Start of Block

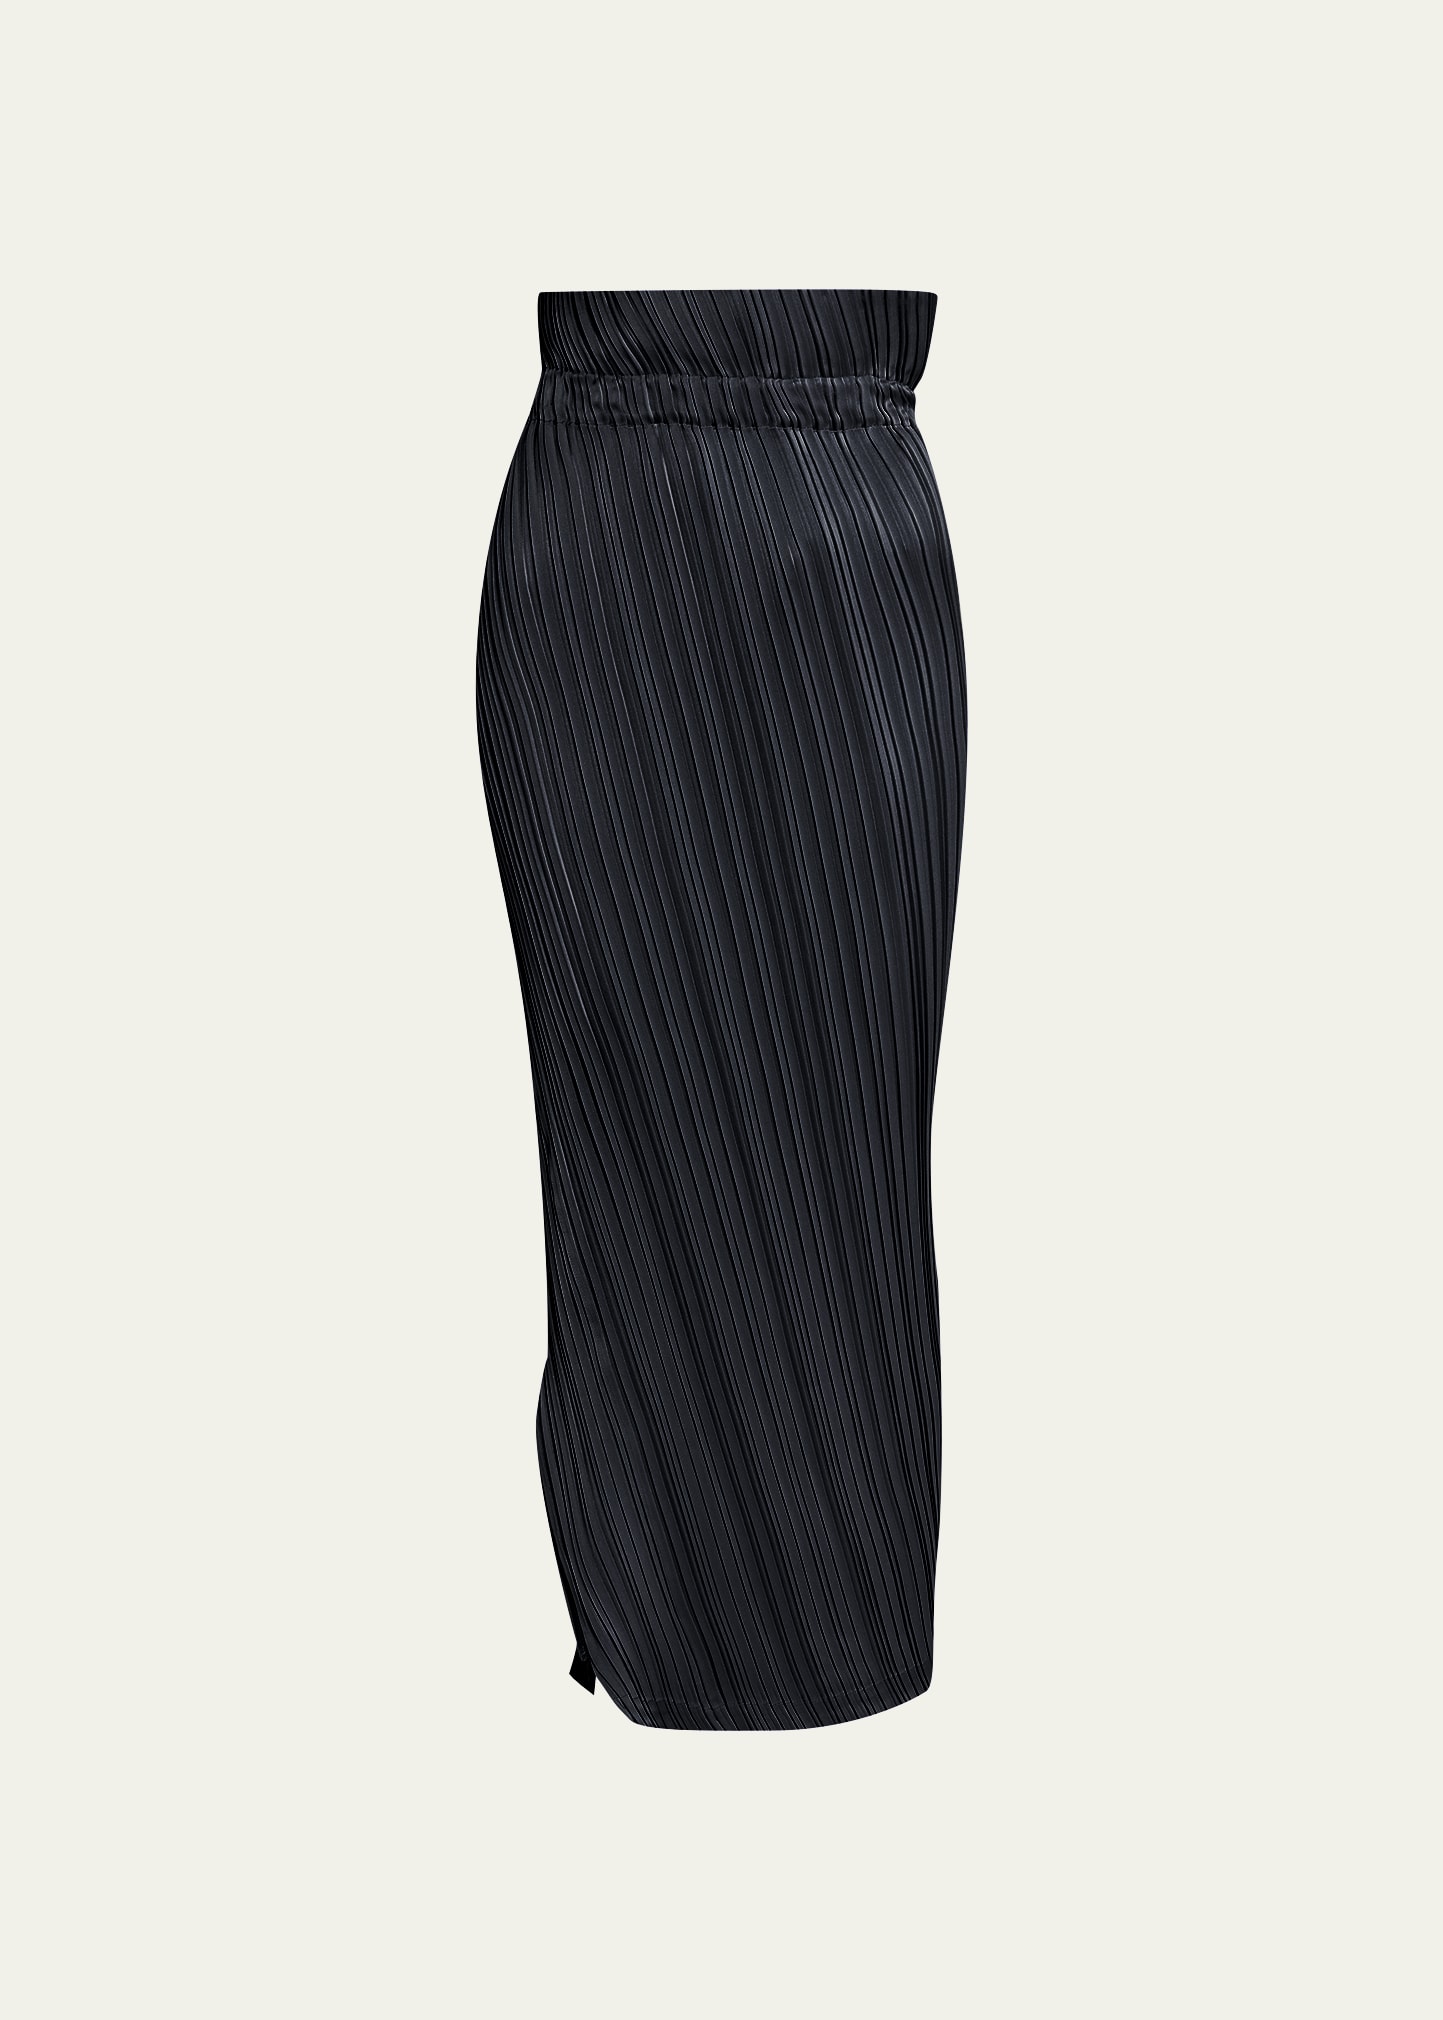 Issey Miyake Tangible Pleats Skirt - Bergdorf Goodman
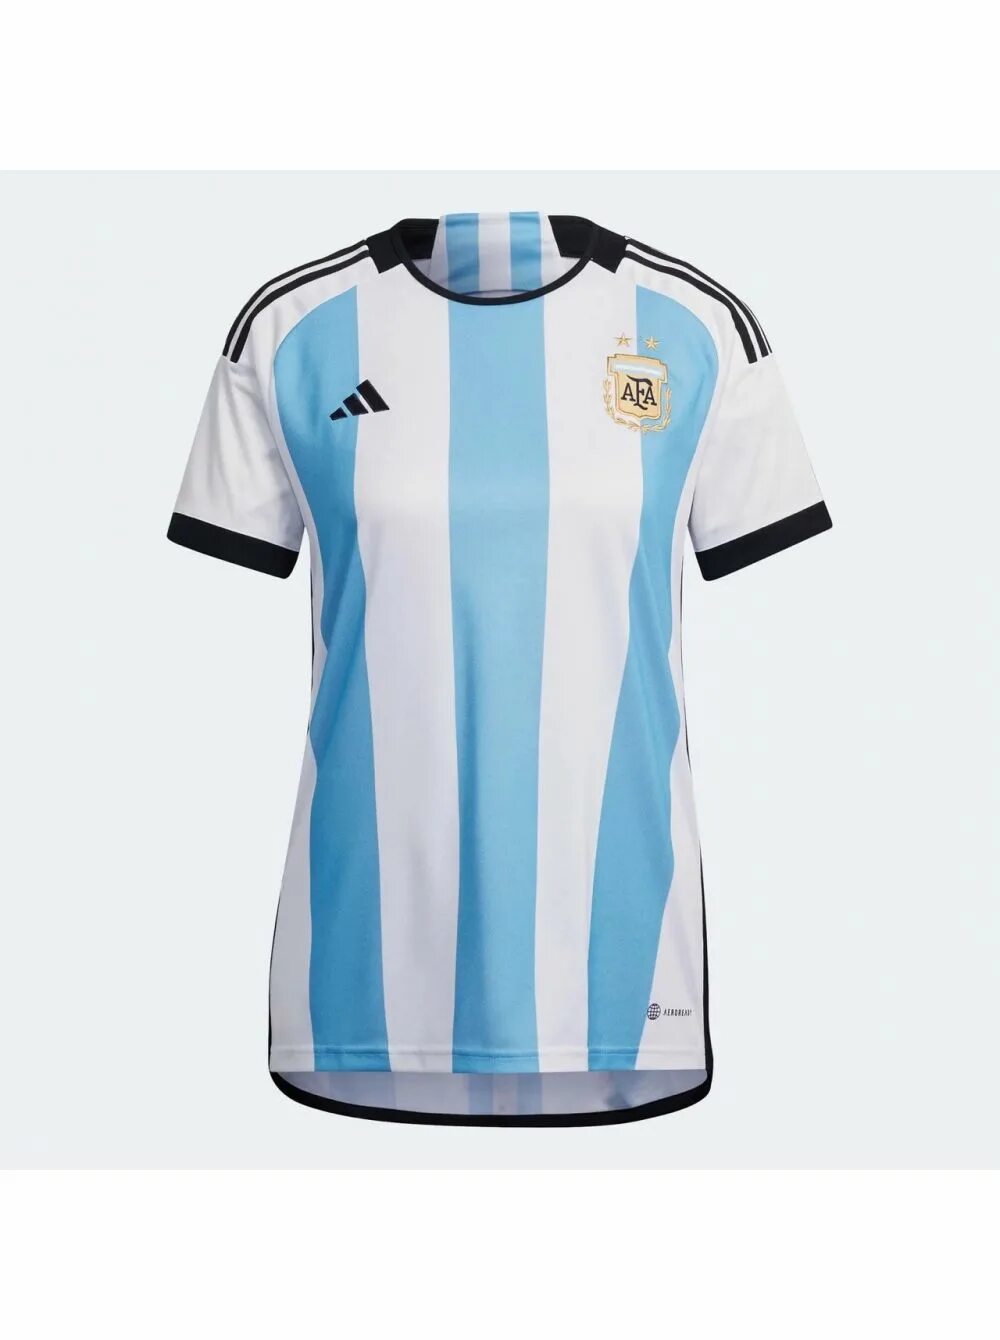 Купить через аргентину
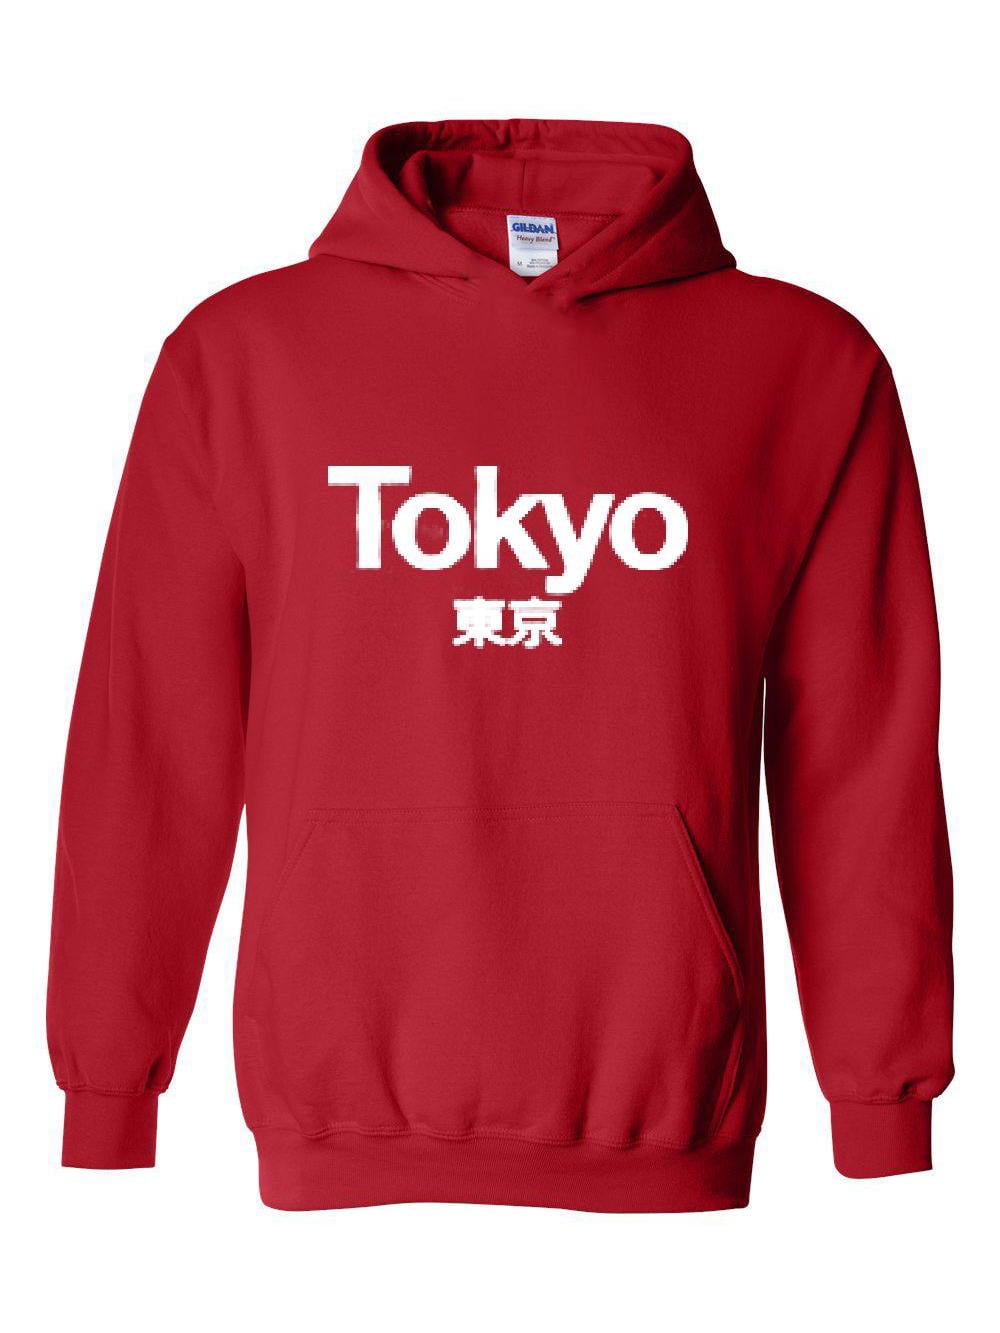 Mom's Favorite - Unisex Tokyo Japan Hoodie Sweatshirt - Walmart.com ...

End of Block

== Exercise goal ==
Give the listing again word for word. Skip any pictures.

== Answer space ==
 Issey Miyake Tangible Pleats Skirt - Bergdorf Goodman
 Купить через аргентину
 Mom's Favorite - Unisex Tokyo Japan Hoodie Sweatshirt - Walmart.com ...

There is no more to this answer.